Deepening Industrial Synergy: From Single-Point Breakthroughs to End-to-End Ecosystem Closure
Behind these three phenomena lies the rapid closure of China’s domestic AI computing-power ecosystem. Cambricon’s MLU series chips have been integrated with leading large models—including Baidu’s ERNIE and Alibaba’s Tongyi—and deployed at scale across multiple intelligent computing centers nationwide. Within the STAR 50, equipment manufacturers and foundries are deeply aligned: NAURA’s etching tools have achieved over 95% validation pass rates on SMIC production lines, accelerating domestic equipment adoption. Meanwhile, improved profitability from mature-node price hikes is feeding back into wafer fabs’ procurement of more equipment and talent investment. Equally significant is policy coordination: China’s National Medical Products Administration recently issued guidance principles for classifying brain–computer interface medical devices—a niche domain, yet one signaling accelerated regulatory compliance for vertical AI applications (e.g., AI+healthcare), thereby expanding end-use scenarios for AI chips. Ministry of Finance data reveals that profits of state-owned enterprises rose 3.5% year-on-year—even as total revenue edged down slightly—highlighting tangible quality-and-efficiency gains, with integrated circuit manufacturing and R&D contributing notably.
The eruption of the AI computing-power industry chain is, at its core, a systemic upgrade jointly driven by technological breakthroughs, market selection, and policy guidance. Cambricon’s trillion-yuan market cap is not an endpoint—but rather the starting point for domestic computing power to evolve from “functionally usable” to “highly reliable” and “trusted for mission-critical use.” The STAR 50’s leadership is not speculative froth—but rational, value-driven capital reallocation toward hard-tech’s demonstrable fundamentals. And mature-node price hikes extending through 2027 are not transient noise—but the opening chapter of a fundamental reshaping of global semiconductor division of labor.
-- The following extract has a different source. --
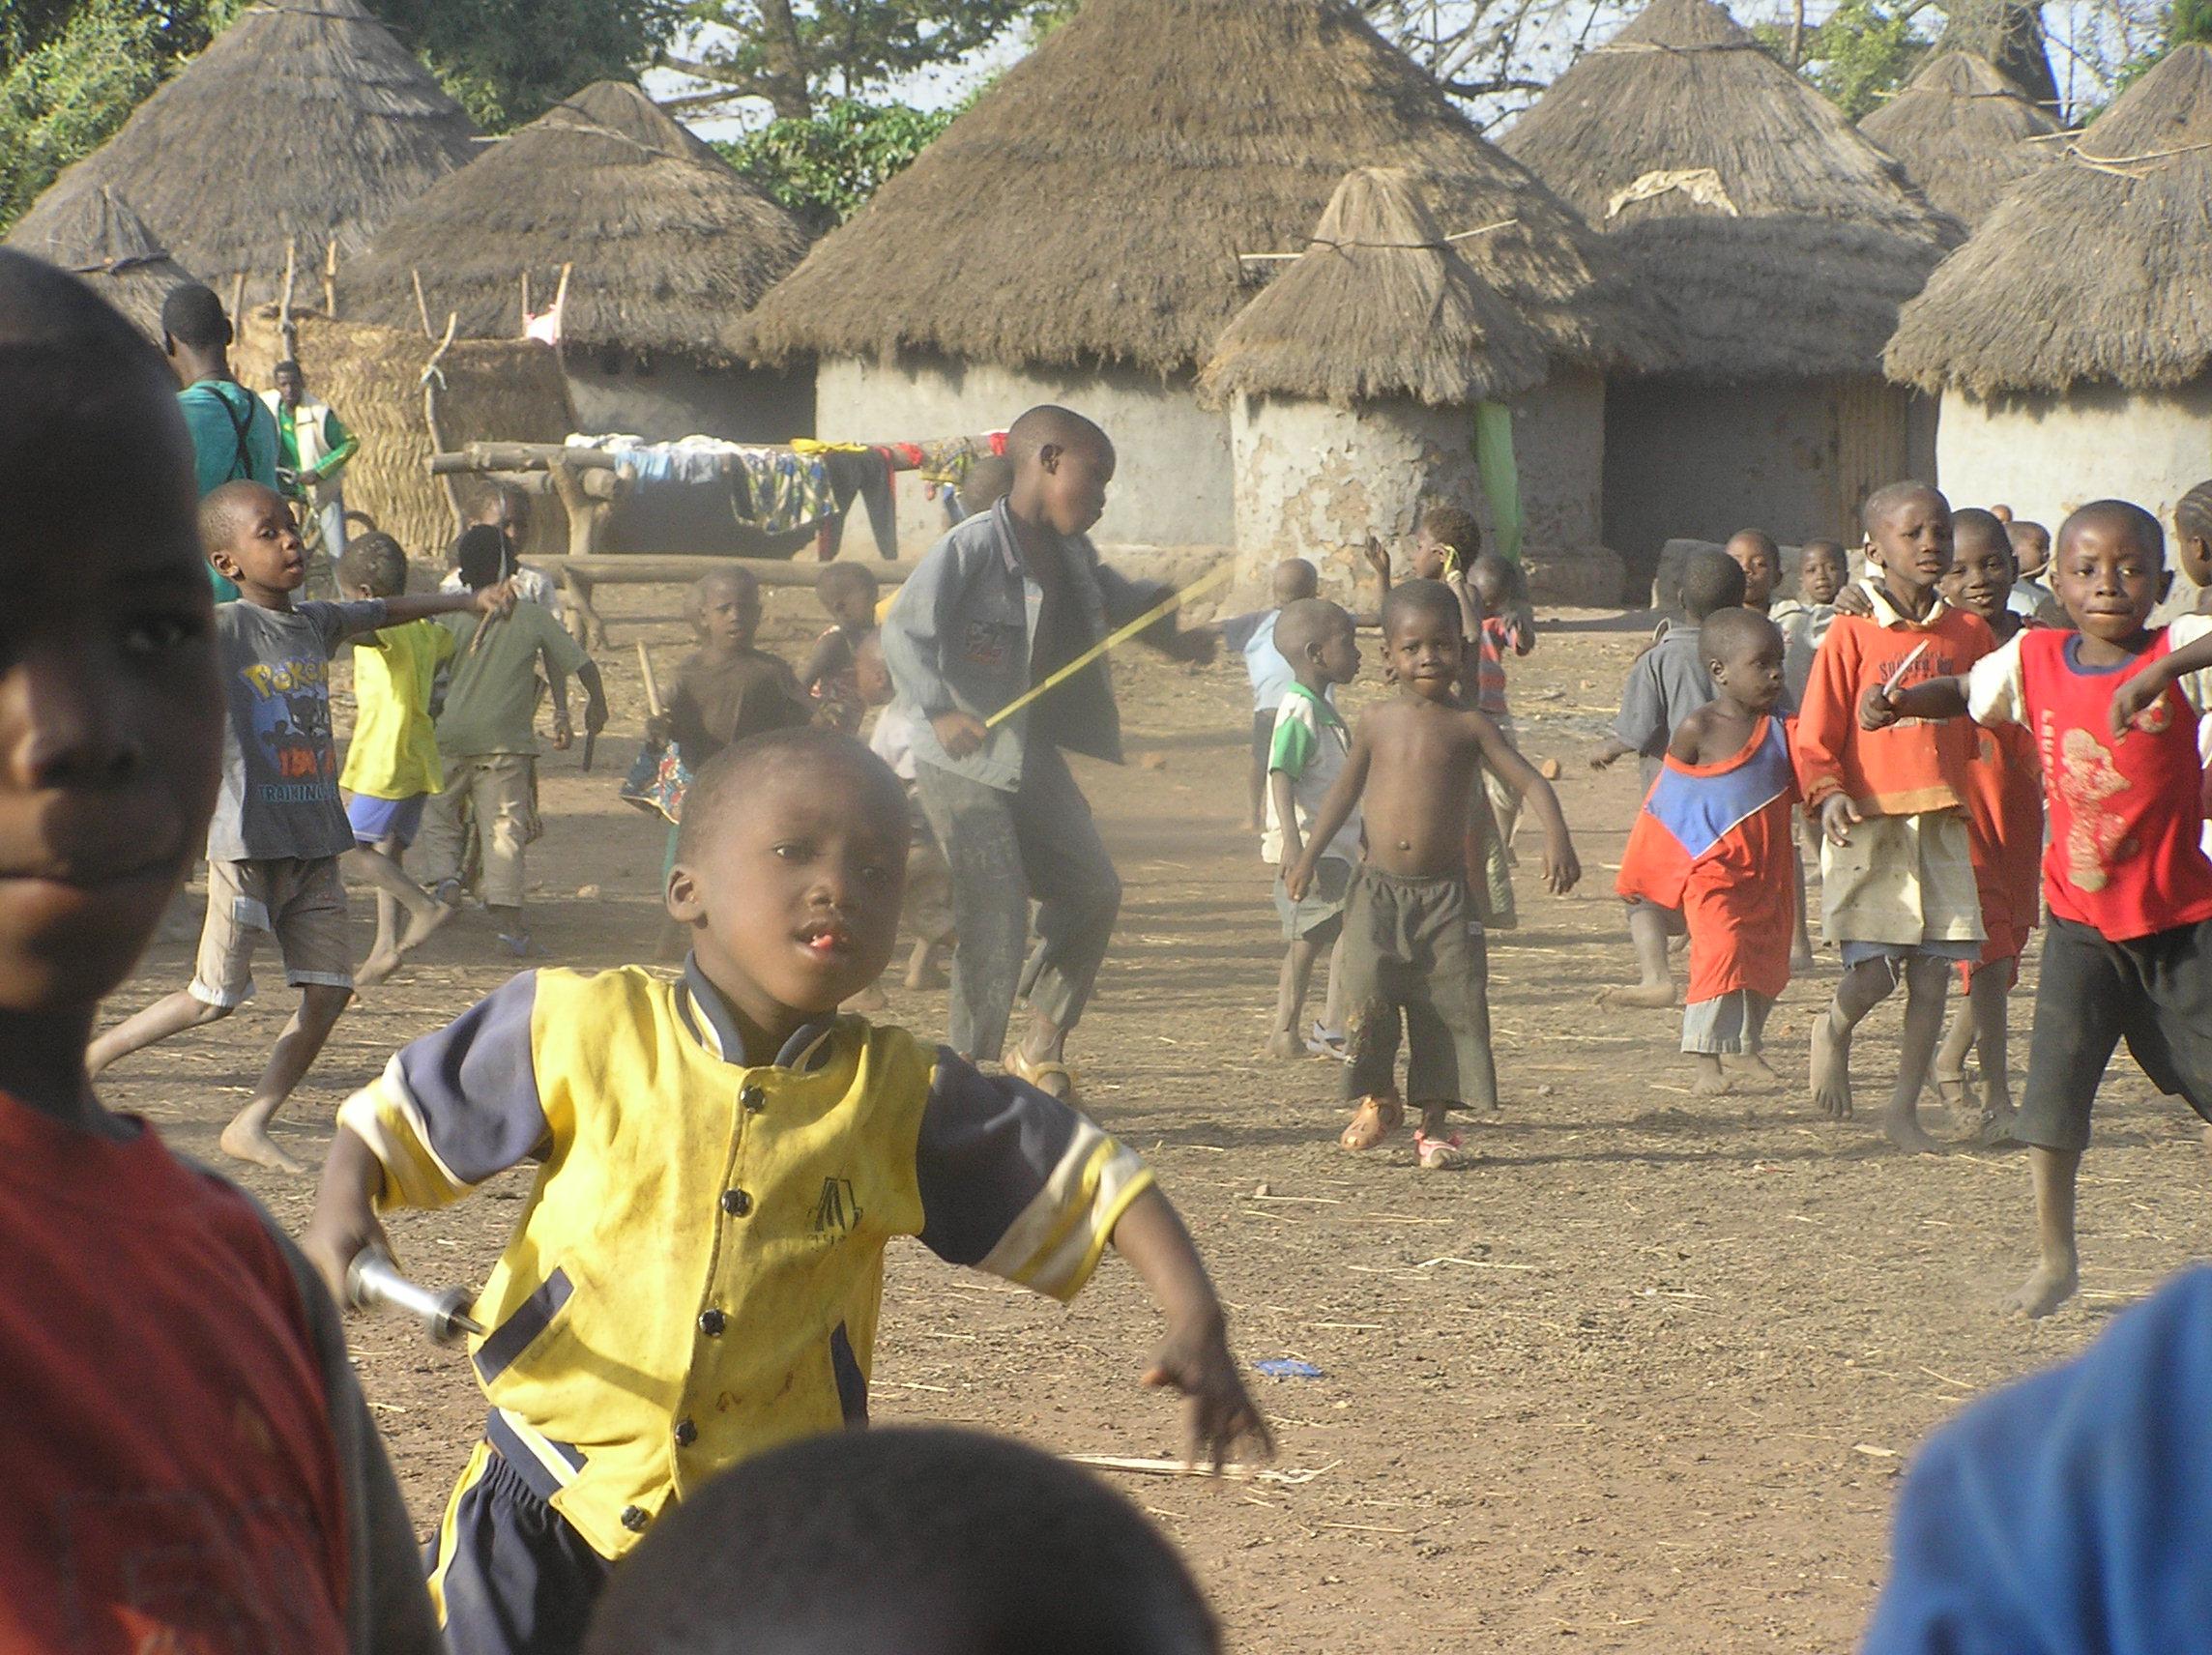 Foto Baro - Kinder tanzen

As computing power becomes the new “water, electricity, and coal” of the digital age, China’s industrial chain stands at a historic inflection point: shifting from scale advantage to value leadership. The true test lies not in peak market valuations—but in how effectively that trillion-yuan valuation solidifies into a self-reinforcing, continuously evolving technological moat; how that 26% rally translates into tangible, scalable industrial momentum; and how every pricing cycle strengthens the foundational bedrock of domestic substitution.